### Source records
------------------------------------------------

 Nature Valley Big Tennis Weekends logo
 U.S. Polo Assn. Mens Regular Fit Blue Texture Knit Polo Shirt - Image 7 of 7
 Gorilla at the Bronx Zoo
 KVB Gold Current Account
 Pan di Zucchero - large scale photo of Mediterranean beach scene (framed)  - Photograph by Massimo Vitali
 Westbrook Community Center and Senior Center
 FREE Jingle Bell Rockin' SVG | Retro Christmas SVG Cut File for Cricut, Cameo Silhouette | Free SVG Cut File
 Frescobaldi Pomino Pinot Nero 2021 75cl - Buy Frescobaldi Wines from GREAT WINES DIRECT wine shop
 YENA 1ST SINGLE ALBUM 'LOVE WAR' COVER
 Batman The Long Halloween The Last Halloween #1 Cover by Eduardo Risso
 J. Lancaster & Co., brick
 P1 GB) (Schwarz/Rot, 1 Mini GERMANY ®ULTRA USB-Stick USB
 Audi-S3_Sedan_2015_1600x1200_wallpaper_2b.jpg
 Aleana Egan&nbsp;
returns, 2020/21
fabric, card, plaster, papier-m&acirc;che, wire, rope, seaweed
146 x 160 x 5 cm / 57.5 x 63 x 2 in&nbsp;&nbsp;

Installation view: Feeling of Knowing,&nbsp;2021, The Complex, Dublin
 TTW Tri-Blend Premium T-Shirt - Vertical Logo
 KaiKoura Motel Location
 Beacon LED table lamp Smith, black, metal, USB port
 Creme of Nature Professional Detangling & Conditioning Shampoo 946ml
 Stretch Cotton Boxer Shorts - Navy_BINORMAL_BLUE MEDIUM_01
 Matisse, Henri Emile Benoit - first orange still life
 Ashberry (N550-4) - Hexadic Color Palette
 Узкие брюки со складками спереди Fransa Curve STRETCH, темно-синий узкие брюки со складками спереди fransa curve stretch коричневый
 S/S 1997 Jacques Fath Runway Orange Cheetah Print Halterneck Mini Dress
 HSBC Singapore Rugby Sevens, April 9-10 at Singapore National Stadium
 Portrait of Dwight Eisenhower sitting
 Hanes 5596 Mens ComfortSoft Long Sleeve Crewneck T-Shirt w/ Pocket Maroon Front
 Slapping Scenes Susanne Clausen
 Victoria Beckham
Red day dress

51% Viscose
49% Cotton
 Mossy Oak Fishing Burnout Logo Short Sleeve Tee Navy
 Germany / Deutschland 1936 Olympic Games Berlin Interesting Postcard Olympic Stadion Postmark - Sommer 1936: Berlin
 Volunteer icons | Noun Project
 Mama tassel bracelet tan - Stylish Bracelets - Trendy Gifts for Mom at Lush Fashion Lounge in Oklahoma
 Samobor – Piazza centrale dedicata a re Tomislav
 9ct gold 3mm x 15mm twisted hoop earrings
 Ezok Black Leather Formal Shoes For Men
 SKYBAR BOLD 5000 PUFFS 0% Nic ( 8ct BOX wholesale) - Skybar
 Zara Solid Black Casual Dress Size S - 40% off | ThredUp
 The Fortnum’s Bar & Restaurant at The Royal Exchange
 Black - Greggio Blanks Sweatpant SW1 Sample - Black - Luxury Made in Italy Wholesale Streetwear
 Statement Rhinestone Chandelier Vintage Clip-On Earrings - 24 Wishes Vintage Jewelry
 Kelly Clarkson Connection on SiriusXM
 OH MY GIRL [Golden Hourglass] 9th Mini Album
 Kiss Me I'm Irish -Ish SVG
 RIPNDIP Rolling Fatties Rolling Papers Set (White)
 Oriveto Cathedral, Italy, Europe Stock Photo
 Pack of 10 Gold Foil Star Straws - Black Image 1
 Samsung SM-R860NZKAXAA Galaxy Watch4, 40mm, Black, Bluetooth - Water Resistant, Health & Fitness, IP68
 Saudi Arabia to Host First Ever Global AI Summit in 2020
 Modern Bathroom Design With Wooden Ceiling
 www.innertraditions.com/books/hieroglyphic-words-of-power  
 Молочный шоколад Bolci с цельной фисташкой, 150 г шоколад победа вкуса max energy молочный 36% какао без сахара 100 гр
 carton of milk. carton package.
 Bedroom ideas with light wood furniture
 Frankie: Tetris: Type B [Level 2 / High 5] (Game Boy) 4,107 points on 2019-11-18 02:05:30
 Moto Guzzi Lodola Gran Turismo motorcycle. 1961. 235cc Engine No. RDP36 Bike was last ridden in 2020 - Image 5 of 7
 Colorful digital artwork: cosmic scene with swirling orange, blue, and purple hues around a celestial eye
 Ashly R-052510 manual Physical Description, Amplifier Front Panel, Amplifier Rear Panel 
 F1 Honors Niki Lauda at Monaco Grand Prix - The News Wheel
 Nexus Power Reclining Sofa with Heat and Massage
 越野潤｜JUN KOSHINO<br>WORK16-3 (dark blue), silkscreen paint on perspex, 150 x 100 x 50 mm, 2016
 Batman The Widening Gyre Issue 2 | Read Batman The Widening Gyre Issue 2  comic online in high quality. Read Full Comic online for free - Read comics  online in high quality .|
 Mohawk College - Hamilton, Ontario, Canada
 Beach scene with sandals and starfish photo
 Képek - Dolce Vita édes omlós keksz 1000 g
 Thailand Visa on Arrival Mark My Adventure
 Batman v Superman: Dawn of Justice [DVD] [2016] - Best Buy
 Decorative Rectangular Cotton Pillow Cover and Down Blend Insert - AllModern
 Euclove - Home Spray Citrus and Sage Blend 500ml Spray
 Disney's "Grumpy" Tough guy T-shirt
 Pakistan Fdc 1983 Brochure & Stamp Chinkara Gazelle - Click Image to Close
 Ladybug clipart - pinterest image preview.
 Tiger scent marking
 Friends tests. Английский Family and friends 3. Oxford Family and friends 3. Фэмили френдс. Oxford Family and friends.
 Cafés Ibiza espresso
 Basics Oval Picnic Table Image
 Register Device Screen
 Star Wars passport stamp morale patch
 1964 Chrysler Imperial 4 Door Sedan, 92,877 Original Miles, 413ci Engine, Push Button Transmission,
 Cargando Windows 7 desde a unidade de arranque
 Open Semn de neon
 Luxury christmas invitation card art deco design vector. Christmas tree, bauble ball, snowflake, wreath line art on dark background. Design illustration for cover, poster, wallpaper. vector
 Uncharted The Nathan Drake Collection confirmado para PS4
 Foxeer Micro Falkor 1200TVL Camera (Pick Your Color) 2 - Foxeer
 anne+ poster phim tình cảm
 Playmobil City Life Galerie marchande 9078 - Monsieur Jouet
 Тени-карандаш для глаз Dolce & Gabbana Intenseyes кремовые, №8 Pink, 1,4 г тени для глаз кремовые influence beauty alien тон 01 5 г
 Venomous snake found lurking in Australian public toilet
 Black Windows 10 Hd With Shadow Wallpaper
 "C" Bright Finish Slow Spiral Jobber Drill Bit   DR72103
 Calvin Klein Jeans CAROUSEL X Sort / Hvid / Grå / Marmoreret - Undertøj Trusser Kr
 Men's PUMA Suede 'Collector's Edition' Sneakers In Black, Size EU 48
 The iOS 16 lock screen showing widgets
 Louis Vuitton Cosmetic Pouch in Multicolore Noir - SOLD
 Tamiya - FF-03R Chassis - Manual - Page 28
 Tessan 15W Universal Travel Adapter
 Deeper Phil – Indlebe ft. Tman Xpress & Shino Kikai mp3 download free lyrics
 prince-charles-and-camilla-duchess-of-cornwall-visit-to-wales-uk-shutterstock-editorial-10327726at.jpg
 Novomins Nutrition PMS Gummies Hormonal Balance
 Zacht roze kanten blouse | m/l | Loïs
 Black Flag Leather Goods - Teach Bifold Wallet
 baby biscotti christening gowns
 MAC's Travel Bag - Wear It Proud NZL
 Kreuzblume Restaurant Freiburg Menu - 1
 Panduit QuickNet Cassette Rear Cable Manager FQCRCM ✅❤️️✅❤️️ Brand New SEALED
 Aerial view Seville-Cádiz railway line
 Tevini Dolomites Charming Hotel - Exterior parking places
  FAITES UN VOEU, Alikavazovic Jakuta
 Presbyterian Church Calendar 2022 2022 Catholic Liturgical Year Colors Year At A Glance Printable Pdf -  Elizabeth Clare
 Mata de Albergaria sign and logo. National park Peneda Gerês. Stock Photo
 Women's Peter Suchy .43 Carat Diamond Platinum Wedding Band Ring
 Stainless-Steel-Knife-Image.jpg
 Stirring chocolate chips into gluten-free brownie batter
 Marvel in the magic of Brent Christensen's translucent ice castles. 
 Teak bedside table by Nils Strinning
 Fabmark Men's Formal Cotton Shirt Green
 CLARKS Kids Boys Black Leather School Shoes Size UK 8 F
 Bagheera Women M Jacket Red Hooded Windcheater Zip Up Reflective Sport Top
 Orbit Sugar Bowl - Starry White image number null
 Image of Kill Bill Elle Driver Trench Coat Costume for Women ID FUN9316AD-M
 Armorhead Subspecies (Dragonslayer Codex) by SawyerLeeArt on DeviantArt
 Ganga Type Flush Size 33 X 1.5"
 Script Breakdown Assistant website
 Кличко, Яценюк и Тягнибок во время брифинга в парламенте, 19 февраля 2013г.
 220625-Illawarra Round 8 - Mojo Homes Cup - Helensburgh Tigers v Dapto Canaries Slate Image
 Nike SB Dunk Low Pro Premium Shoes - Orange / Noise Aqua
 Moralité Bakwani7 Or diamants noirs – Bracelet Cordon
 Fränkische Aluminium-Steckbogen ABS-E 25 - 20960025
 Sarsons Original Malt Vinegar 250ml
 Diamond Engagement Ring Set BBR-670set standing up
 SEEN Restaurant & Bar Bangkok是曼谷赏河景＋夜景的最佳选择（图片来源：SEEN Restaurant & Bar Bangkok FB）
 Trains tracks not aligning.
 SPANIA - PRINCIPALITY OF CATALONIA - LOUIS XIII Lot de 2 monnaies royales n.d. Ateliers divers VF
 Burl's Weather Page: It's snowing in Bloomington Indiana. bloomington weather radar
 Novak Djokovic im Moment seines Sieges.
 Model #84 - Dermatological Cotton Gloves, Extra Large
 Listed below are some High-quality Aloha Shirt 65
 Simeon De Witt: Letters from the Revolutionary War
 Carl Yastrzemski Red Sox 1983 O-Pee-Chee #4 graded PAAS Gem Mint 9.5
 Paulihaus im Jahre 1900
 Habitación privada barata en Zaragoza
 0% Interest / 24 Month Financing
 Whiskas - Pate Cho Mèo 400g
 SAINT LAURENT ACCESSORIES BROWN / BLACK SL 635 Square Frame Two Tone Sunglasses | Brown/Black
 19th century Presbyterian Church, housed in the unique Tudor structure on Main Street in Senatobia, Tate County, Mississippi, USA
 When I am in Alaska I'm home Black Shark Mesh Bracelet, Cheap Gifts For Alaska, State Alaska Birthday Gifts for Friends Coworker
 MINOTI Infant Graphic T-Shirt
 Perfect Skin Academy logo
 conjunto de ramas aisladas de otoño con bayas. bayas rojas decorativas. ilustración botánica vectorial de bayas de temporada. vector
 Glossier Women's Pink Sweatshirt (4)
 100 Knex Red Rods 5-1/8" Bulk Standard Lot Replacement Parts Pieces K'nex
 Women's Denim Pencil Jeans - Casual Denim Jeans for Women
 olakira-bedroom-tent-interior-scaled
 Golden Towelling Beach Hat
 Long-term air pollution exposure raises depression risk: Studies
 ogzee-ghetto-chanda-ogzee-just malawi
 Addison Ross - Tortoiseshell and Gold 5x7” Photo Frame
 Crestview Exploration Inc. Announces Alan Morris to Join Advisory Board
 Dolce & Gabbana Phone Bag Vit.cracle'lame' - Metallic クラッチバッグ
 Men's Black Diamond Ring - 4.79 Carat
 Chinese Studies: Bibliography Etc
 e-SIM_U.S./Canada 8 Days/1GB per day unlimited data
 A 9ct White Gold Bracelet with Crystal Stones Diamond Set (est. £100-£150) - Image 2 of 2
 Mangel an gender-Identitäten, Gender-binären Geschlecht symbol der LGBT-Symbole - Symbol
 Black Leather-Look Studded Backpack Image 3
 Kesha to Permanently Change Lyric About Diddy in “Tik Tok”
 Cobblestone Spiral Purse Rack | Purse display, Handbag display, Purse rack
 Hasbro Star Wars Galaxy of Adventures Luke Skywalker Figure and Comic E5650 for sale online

------------------------------------------------

### WORK REQUIRED
Only the lines above starting at the one containing "baby biscotti christening gowns" and ending at the one containing "FAITES UN VOEU, Alikavazovic Jakuta", both included, are to be returned, exactly as they read.

### RESPONSE TO THE EXERCISE
 baby biscotti christening gowns
 MAC's Travel Bag - Wear It Proud NZL
 Kreuzblume Restaurant Freiburg Menu - 1
 Panduit QuickNet Cassette Rear Cable Manager FQCRCM ✅❤️️✅❤️️ Brand New SEALED
 Aerial view Seville-Cádiz railway line
 Tevini Dolomites Charming Hotel - Exterior parking places
  FAITES UN VOEU, Alikavazovic Jakuta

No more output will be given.